Ocupábamos una habitación en la casa de una pareja. La casa era decente pero de una fragilidad extrema. Como en los cuentos uno podría derribar de un soplido aquellos tabiques que parecían de cartón. Chris trabajaba de enterrador y June, no sin cierta coherencia, en una floristería. Tenían un crío de unos dos años que se lo pasaba en grande con nosotros e inmediatamente fue bautizado por Antonio como “cabeza buque”. Por dios, qué cabeza tenía aquel niño. Ella era sarcástica y desabrida, él un atolondrado rubio que casi la doblaba en estatura. Recuerdo el sonido de sus pasos afelpados sobre la moqueta de las escaleras mientras canturreaba el “Kiss” de Prince, ubicuo aquel año:

«You don’t have to be rich to be my girl,
you don’t have to be cool, to rule my world…»
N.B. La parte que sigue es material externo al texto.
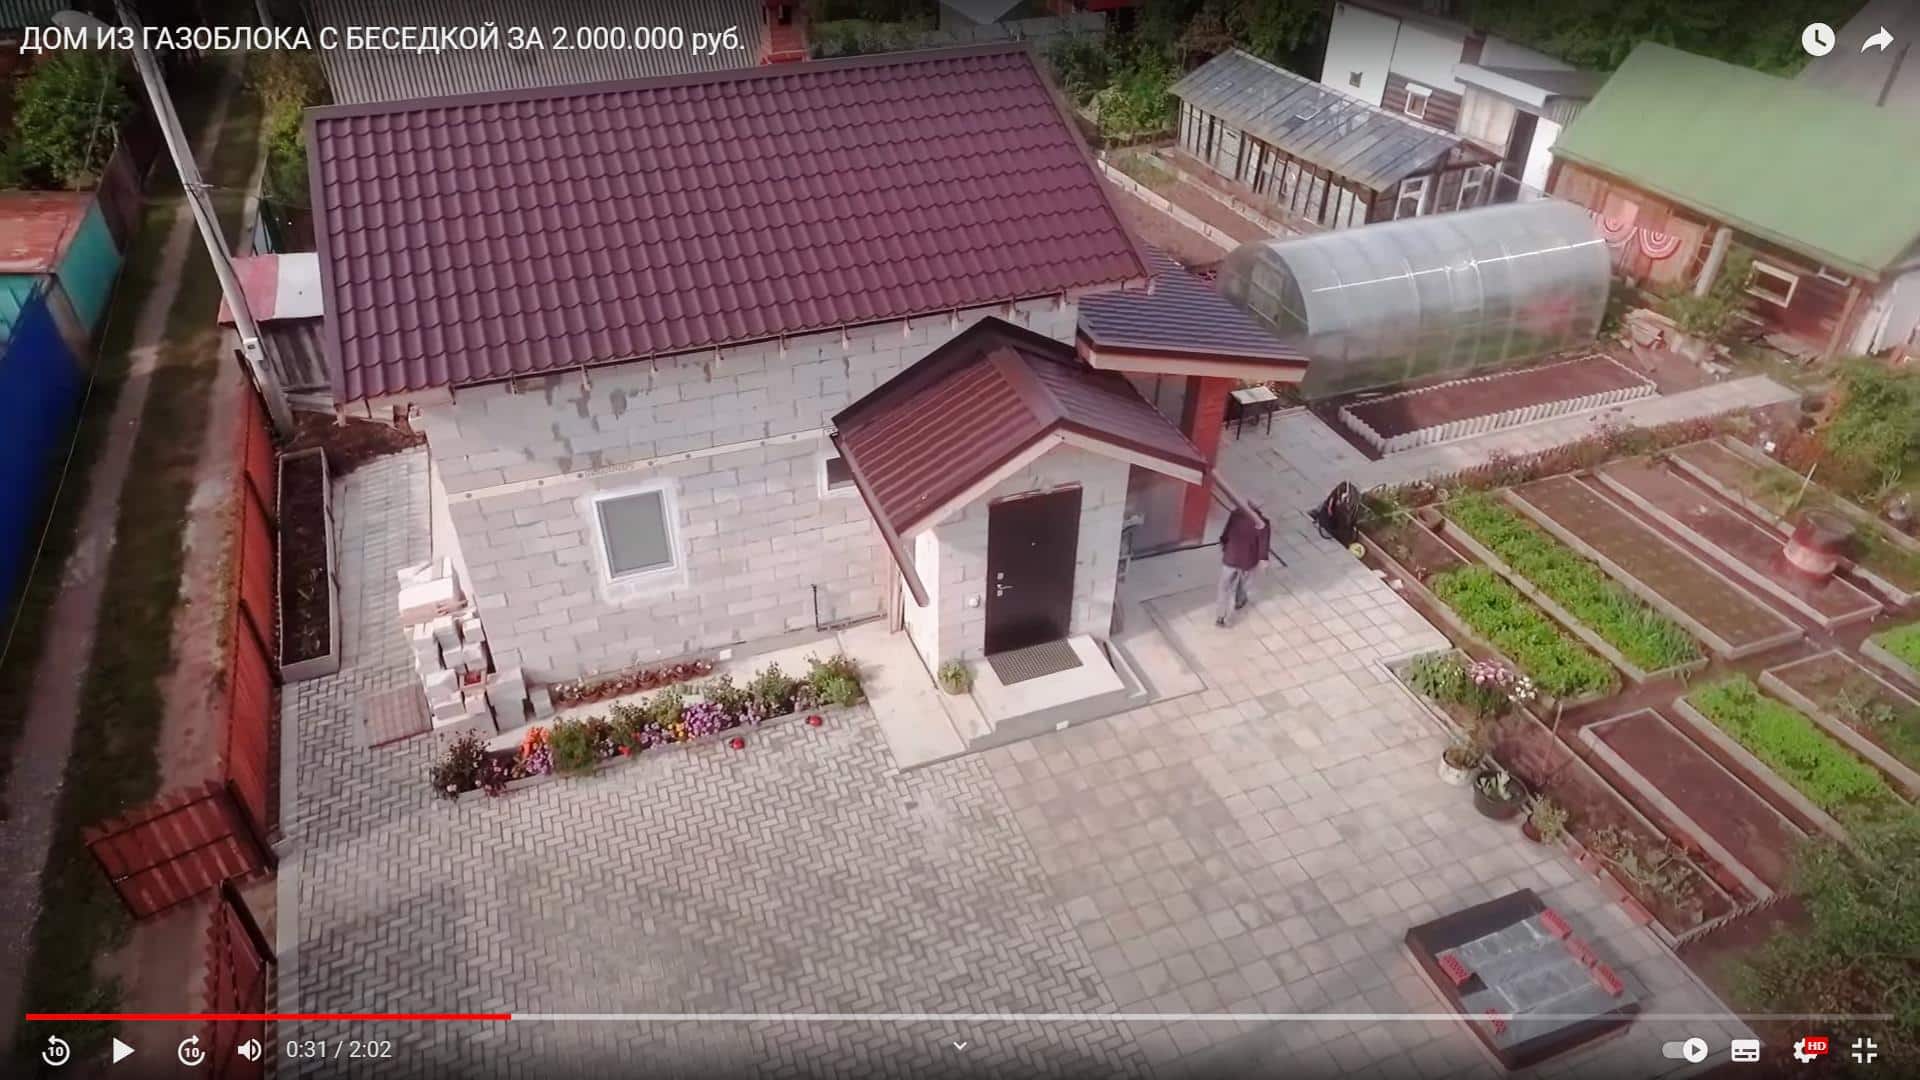 Строительство дома из газоблока с беседкой в Перми за 2000000 рублей

Chris era un tipo afable y aficionado a darnos consejos. La verdad es que todo el mundo nos daba consejos, aún no sé si era debido a nuestra juventud o a peculiaridades culturales. Aquí en el sur el consejo no solicitado es algo terriblemente mal visto. A la luz de una lámpara sobre la mesa de la cocina, ante un vaso de agua –nunca cerveza- y un plato de carne sumergida en gravy, esa viscosa desolación marrón, hablaba muy despacio, gesticulando para que le entendiéramos. Tras la ventana de esa cocina siempre llovía sobre el verde de los descampados y las casas idénticas. Usaba un tono grave que entonces me parecía ridículamente impostado pero que ahora sé que provenía de una amarga consciencia del fracaso personal, de lo ya irremediable. Qué gracioso nos parecía que intentara vendernos la enésima versión de la fábula de la cigarra y la hormiga, tan irrefutable como cansina. Podéis imaginar a quién atribuía el papel de cigarra y a quién el de hormiga. Miraba a mi amigo Antonio y le prevenía contra una vida de crápula y “plenty señoritas” en contraposición a la hacendosa hormiga que, a base de esfuerzo y tenacidad, disfrutaría en su madurez de serenos goces y “plenty peseto” (sic).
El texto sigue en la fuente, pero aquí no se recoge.